A Kentucky Visit From St. Nick

Sitting up in a rainstorm waiting for my husband to get home from his late shift, two nights before Christmas, three days after this rain started…rainonglass text

Two nights before Christmas, when all through the land, rainstorms were pounding; it was getting out of hand. Umbrellas were propped beside the front door, dripping all over Mom’s Christmas-cleaned floor. The children were nestled all snug in their beds, while wind howled outside and rain pounded overhead. And mamma in her Wellies and I in my cap, were bringing in the dogs from one final lap.

Then out on the lawn there arose such a clatter, we ran to the window to see what was the matter.   There at the window we saw a bright flash, and tore open the shutters and threw up the sash. We had no Christmas snow, but there were quite a few puddles, and there we found eight reindeer in a soggy, tired huddle.

“Why are you here?” I asked a sopping old elf, who stood with a sleigh and shook rain off himself.

“Trial run,” he said sadly, “but we didn’t count on the storm.

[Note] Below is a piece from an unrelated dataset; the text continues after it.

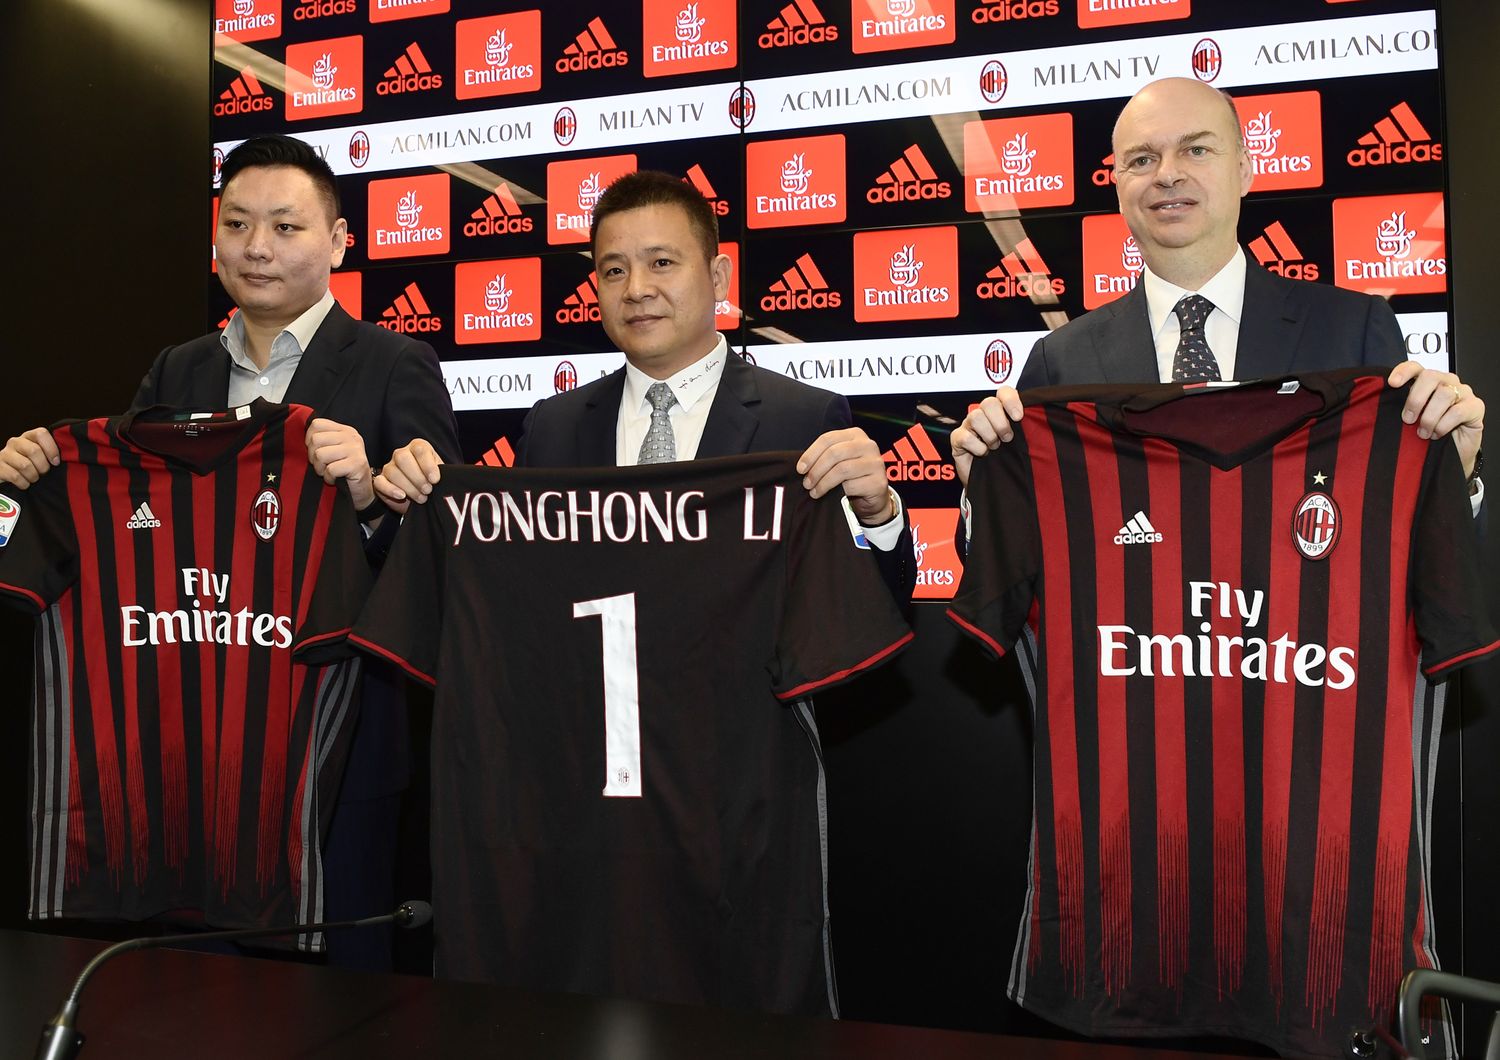 &nbsp;Yonghong Li mostra la maglia n. 1 col suo nome - Afp

Now we’re trapped in your back yard and can’t get into flying form.”

For a moment we stared and didn’t know what to do, and then my so-clever wife suggested the canoe. Nick laughed in that moment, his eyes—how they twinkled. His dimples, how merry! His cheeks were like roses, his nose like a cherry. His red hat and gloves, they dripped with the rain, and water ran down his beard like it headed down a drain.

“I’ll be back for this,” he called as he unhitched the sleigh and hitched up the deer to the boat the same way. “If you worry about your neighbors, you’ve got nothing to fear. By morning you won’t even know I was here.”

He sprang to the canoe and gave his team a whistle, and away they all flew like the down of a thistle. But I heard him exclaim as he hit the dark mist, “Kentucky in the winter—I will never get the gist.”